Томас Гарди - Вдали от обезумевшей толпы
- А кто вы такой, что можете позволить себе пренебречь мнением других?
- Я не чужой здесь. Сержант Трой к вашим услугам. Живу здесь неподалеку. А! Наконец-то распуталось, вот видите. Ваши легкие пальчики оказались проворнее моих. Ах, лучше бы это был такой мертвый узел, чтобы его никак невозможно было распутать.
Что он только позволяет себе! Она вскочила, и он тоже. Теперь у нее была только одна мысль: как бы уйти так, чтобы это выглядело благопристойно. Держа фонарь в руке, она незаметно отступала от него боком, пока не перестала видеть красный мундир.
- Прощайте, красавица, - сказал он.
Она не ответила и, отойдя на двадцать - тридцать шагов, повернулась и опрометью кинулась в калитку.
Лидди только что пошла спать. Поднимаясь к себе, Батшеба приоткрыла ее дверь и задыхающимся голосом спросила:
- Лидди, есть у нас какой-нибудь военный в поселке, сержант... или нет, не знаю, слишком у него джентльменский вид для сержанта и собой недурен, в красном мундире с синей выпушкой?
- Нет, мисс... Нет, что я говорю, может быть, это сержант Трой в отпуск приехал, только я не видела его. Он как-то приезжал сюда, когда его полк стоял в Кэстербридже.
- Да, так он и назвался. Усы у него, а бороды и бакенбардов нет?
- Да, да.
- Что это за человек?
- Ах, мисс, стыдно сказать, - беспутный он человек. Знаю, что способный, смышленый и тысячное состояние мог бы нажить не хуже иного сквайра. Такой образованный, джентльмен. Докторским сыном числится - фамилию его носит, кажется, чего больше надо; а родом-то он - графский сын.
- А вот это куда больше. Подумать только! Да правда ли это?
- Правда. И воспитывали его как нельзя лучше, сколько лет в кэстербриджской школе учился. Все языки там изучил, говорят, будто даже по-китайски мог понимать, читал и писал; ну про это я, конечно, не знаю, много чего рассказывают.
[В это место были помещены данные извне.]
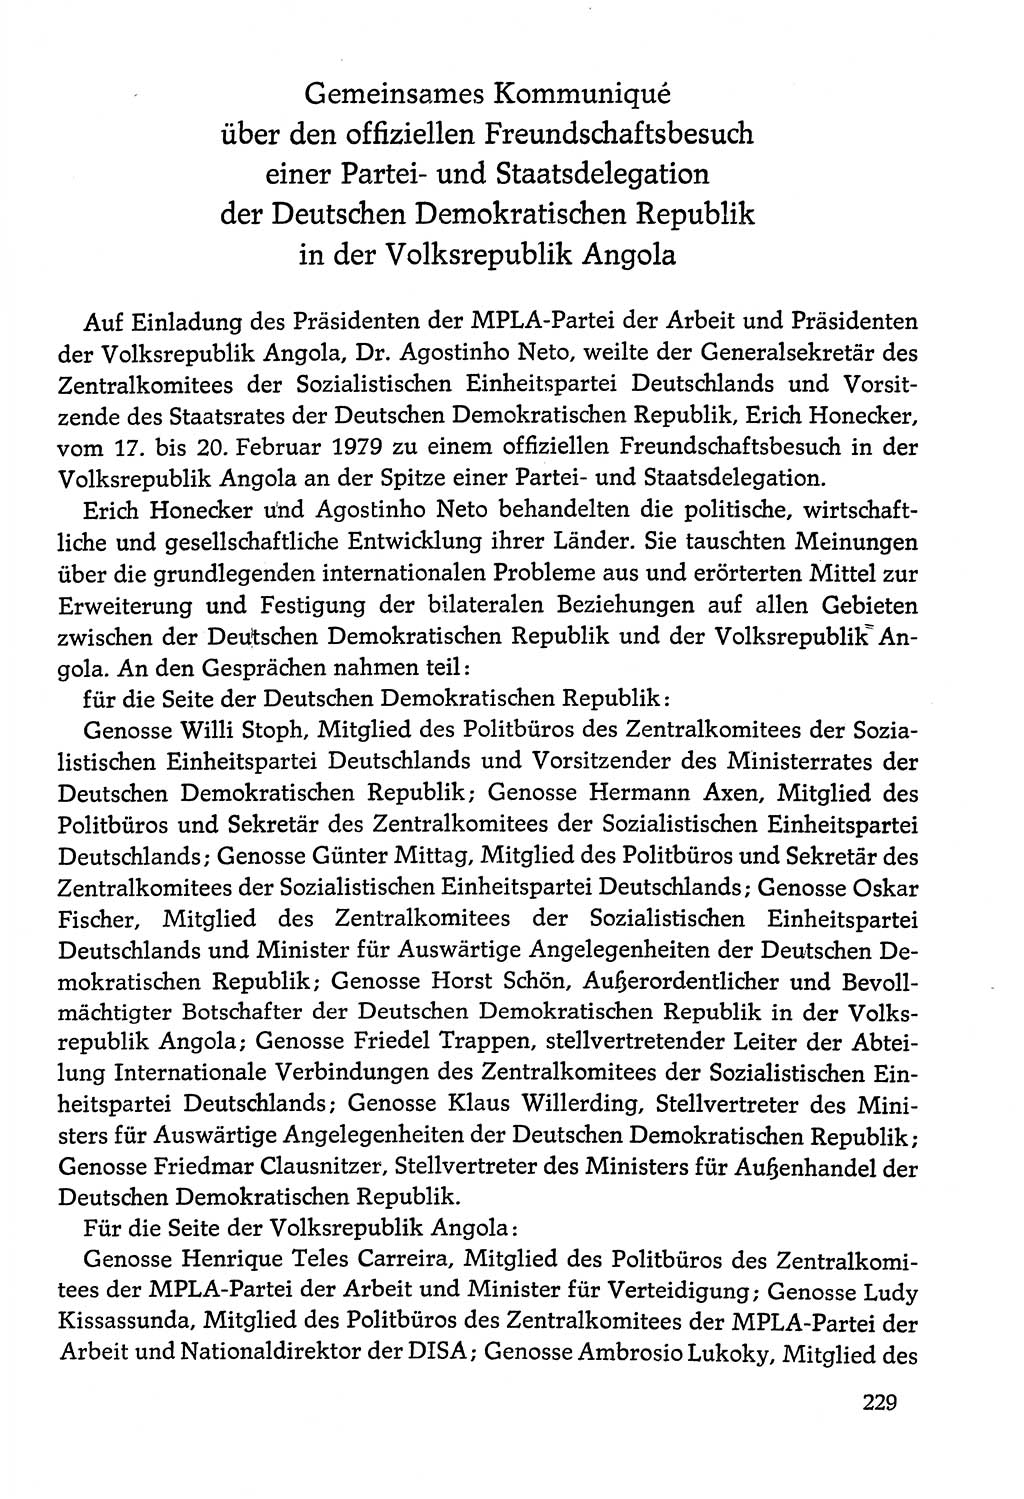 Dokumente der Sozialistischen Einheitspartei Deutschlands (SED) [Deutsche Demokratische Republik (DDR)] 1978-1979, Seite 229 (Dok. SED DDR 1978-1979, S. 229)

Только он свою судьбу сам загубил, записался в солдаты; правда, он и там быстро в гору пошел, не успел оглянуться - уже стал сержантом. Великое это счастье в благородной семье родиться. Будь ты хоть солдатом в строю, все равно тебя отличат. А это верно, мисс, что он домой вернулся?
- По-моему, да. Спокойной ночи, Лидди.
В конце концов, может ли беспечная юная особа в юбке долго обижаться на мужчину? Нередки случаи, когда молодая девушка склада Батшебы охотно прощает некоторую вольность в обращении; чаще всего это бывает, когда ей хочется, чтобы ее хвалили, а еще, когда она жаждет, чтобы ее покорили, - это тоже бывает, и, наконец, когда она хочет не пустого флирта, а чего-то большего, но это уже редкий случай.
Из этих трех ощущений в Батшебе сейчас сильнее всего говорило первое, второе только примешивалось слегка. Но сверх того - был ли это просто случай или, может статься, козни лукавого, но виновник происшествия, оказавшись красивым незнакомцем, явно знавшим лучшие дни, уже успел пробудить в ней интерес.
Поэтому она никак не могла решить, следует ли ей считать себя оскорбленной или нет.
- Вот уж поистине необыкновенное происшествие, - наконец воскликнула она после долгого раздумья у себя в комнате. - И как я могла так глупо поступить - скрыться, не сказав ни слова человеку, который проявил по отношению ко мне только учтивость и внимание. - Ясно, она уже не считала оскорблением его бесцеремонное восхваление ее внешности.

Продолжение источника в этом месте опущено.